Health issues can have a considerable effect on children and childhood. Long-term illness and disability significantly impact on childhood and child development, including limiting access to resources, education, and the appropriate level of care. Furthermore, the health and well-being of community members, including close relatives, can also considerably impact children. Indeed, children are increasingly adopting roles conventionally assigned to adults, such as acting as carers for parents and siblings, which is increasing levels of stress at a time when children are most vulnerable. Furthermore, mental health issues are being reported at increasing levels amongst children and young people. Research in this area is vital, so as to better understand the causes, effects, and impact of this growing mental health crisis.
The last few decades have been marked by rapid technological development and change, the pace of which has increased substantially each year. These periods of rapid technological change have considerably impacted children and childhood. For example, unequal access to technology can increase levels of social inequality or restrict access to education and educational initiatives, as well as exacerbate generational gaps. Furthermore, the increasing use of social media amongst young people has been shown to have a direct physical and mental health effects on children, including a significant increase in body satisfaction issues, and the development of obsessive/addictive exercise or eating behaviours. However, technology can also benefit children and child development, through offering new avenues for learning, health promotion and prevention, socialisation and allowing particularly vulnerable children to address feelings of isolation amongst their peers in their local community. Incorporating technologies in future research is essential, due to its growing role in the everyday life of children and the wider world as a whole, as well as the very real and powerful impacts technology can have on young people’s learning, behaviours and development.

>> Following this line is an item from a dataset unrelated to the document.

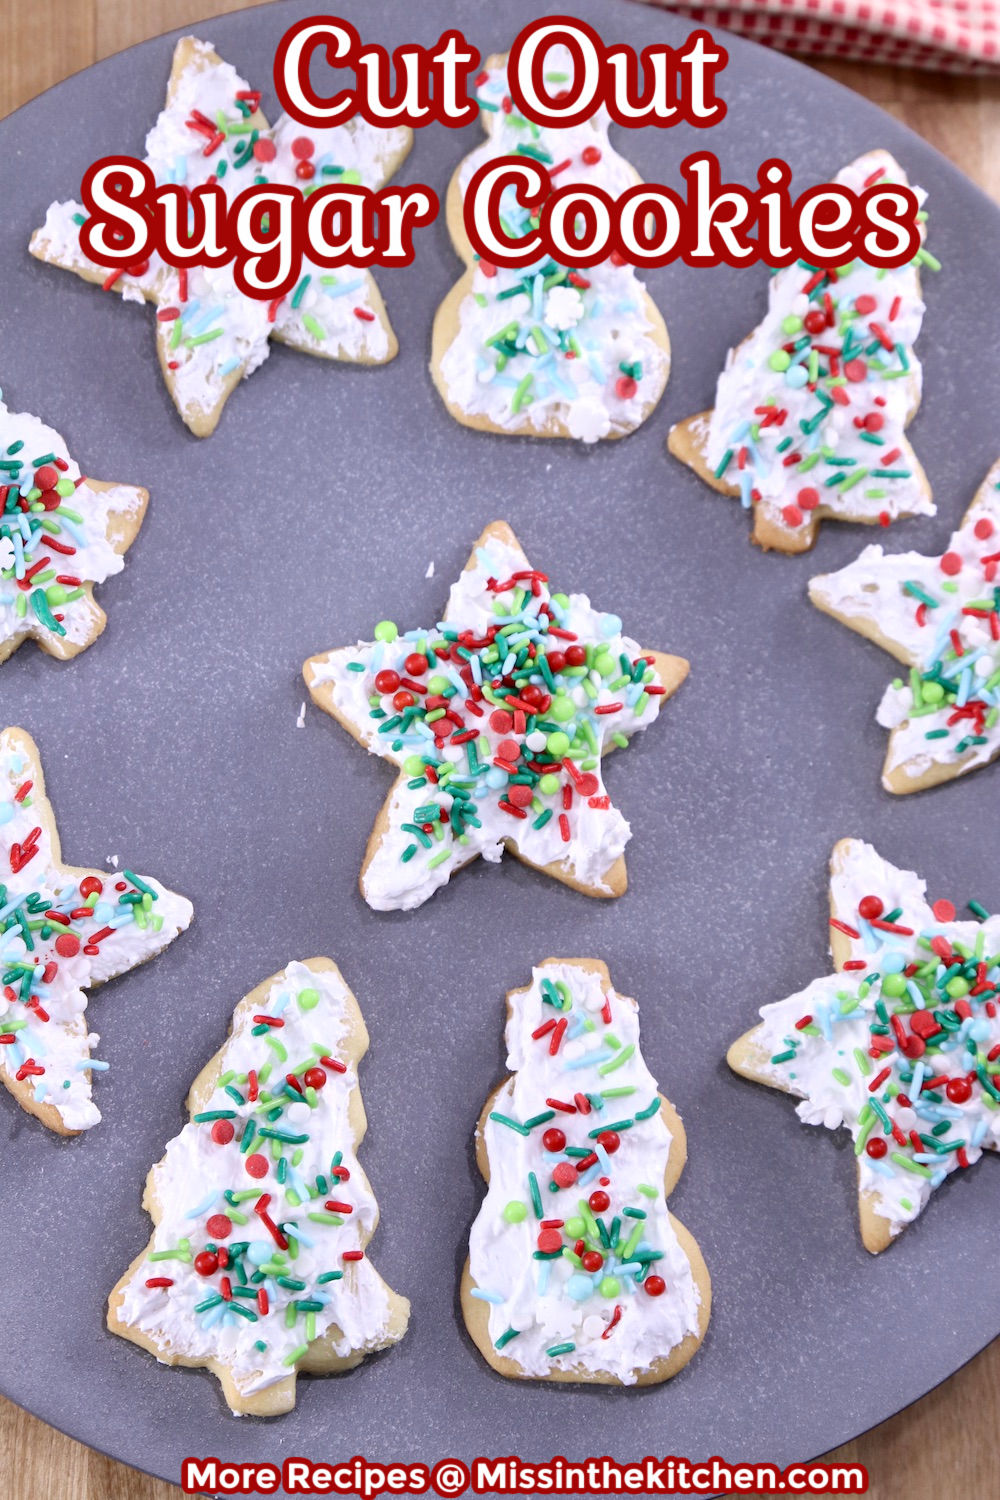 Cut Out Sugar Cookies with icing and sprinkles on a gray plate- text overlay
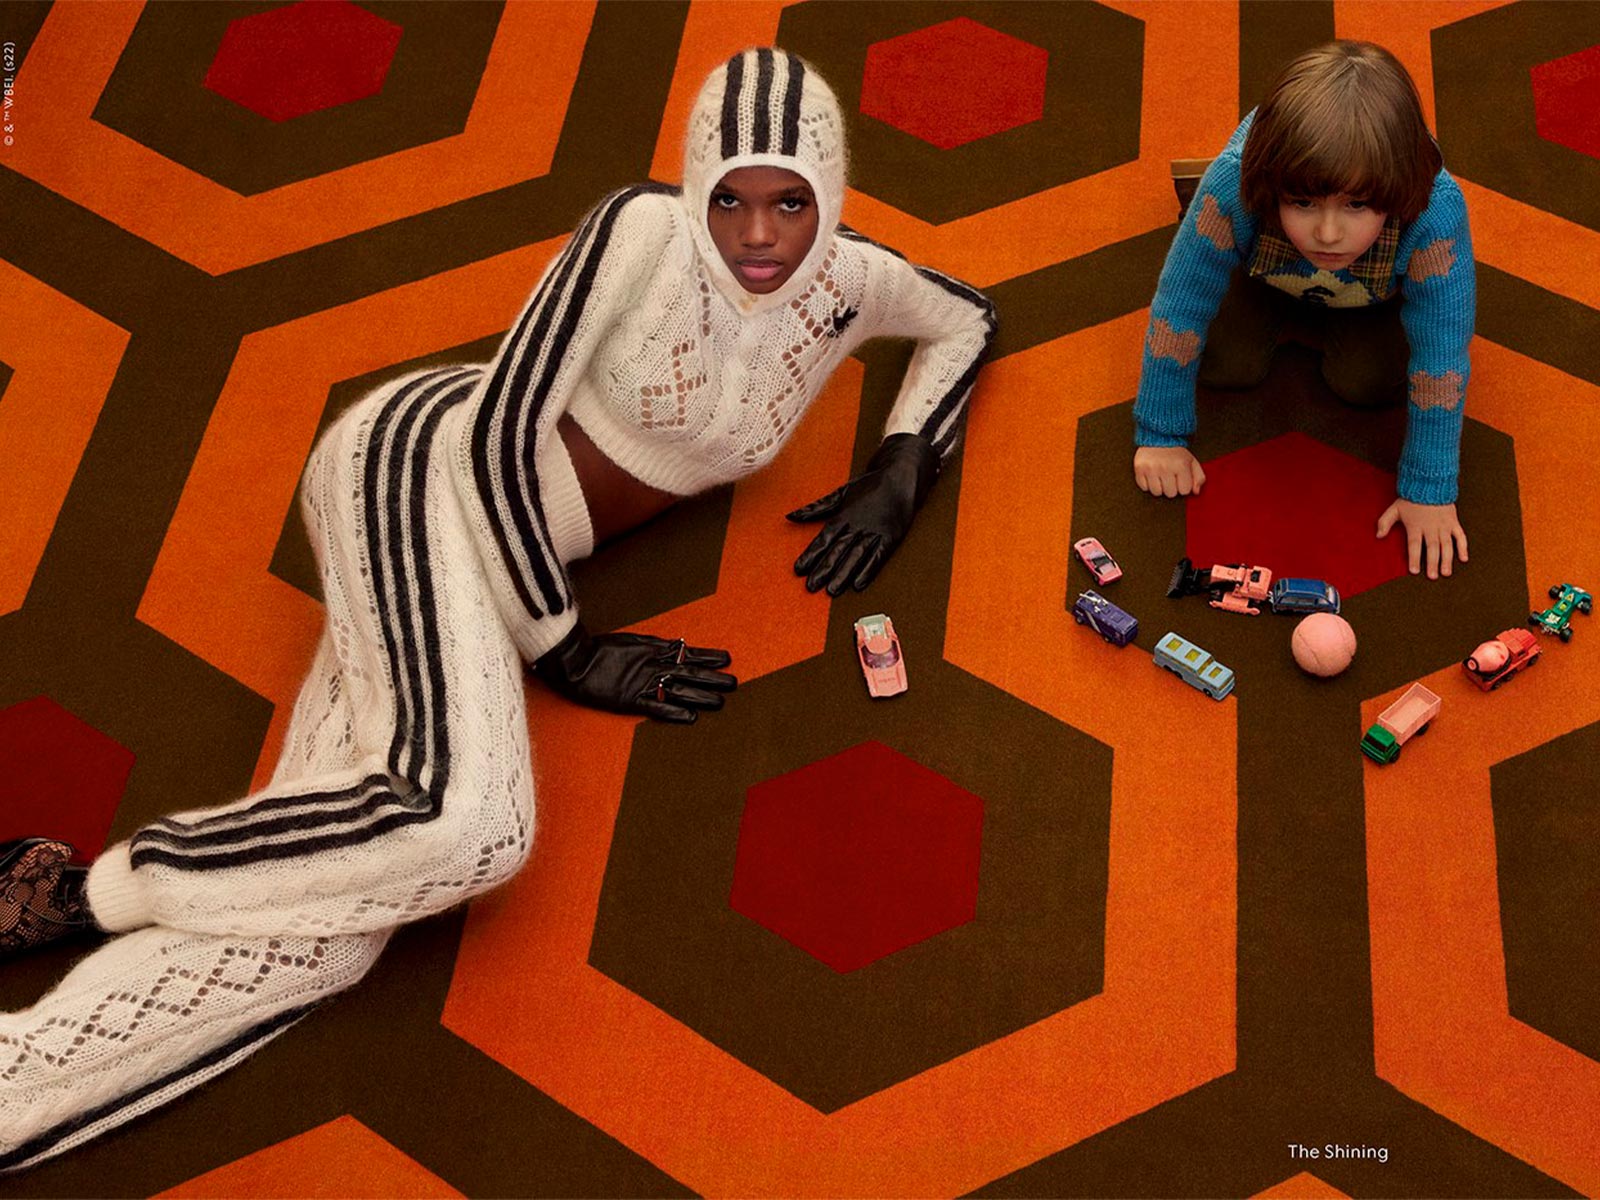 Gucci celebrates Stanley Kubrick’s legacy in latest campaign

There is a growing need to empower children, both through education and through directly involving children in policymaking. Policymakers are creating strategies to combat key issues, such as environmental change, unequal access to education, and the effect of technological development on child development and well-being. As these issues directly affect children and their future, it is vital that policymakers introduce children’s perspective and have their direct input in the research of the future. Furthermore, empowering children can be beneficial, through improving a child’s confidence in decision-making and helping to bridge the generational gap. The conventional method of empowering children is through education. However, it is also important to reach children who are not in education, as these groups are the most vulnerable, and are more likely to be directly affected by the issues being addressed by policymakers today.
Equality, risk and violence
Disparities in equality can have a considerable impact on children and childhood. Social inequality presents in multiple forms, such as economic equality caused by class systems, inequality caused by discriminatory practices on racial grounds, and inequality caused by discrimination based on sex or gender differences. Children are particularly vulnerable to issues caused by a lack of equality, including inconsistent access to education, gender-related violence, the detrimental effects of living in poverty or in overcrowded spaces, as well as an unequal access to basic necessities, such as accommodation and adequate food and water. However, conventionally privileged groups, such as white middle-class males in the UK, have also been shown to be on average academically low-achievers. The question of equality and its role in childhood and child development is therefore a complex one, and one which requires considerable research.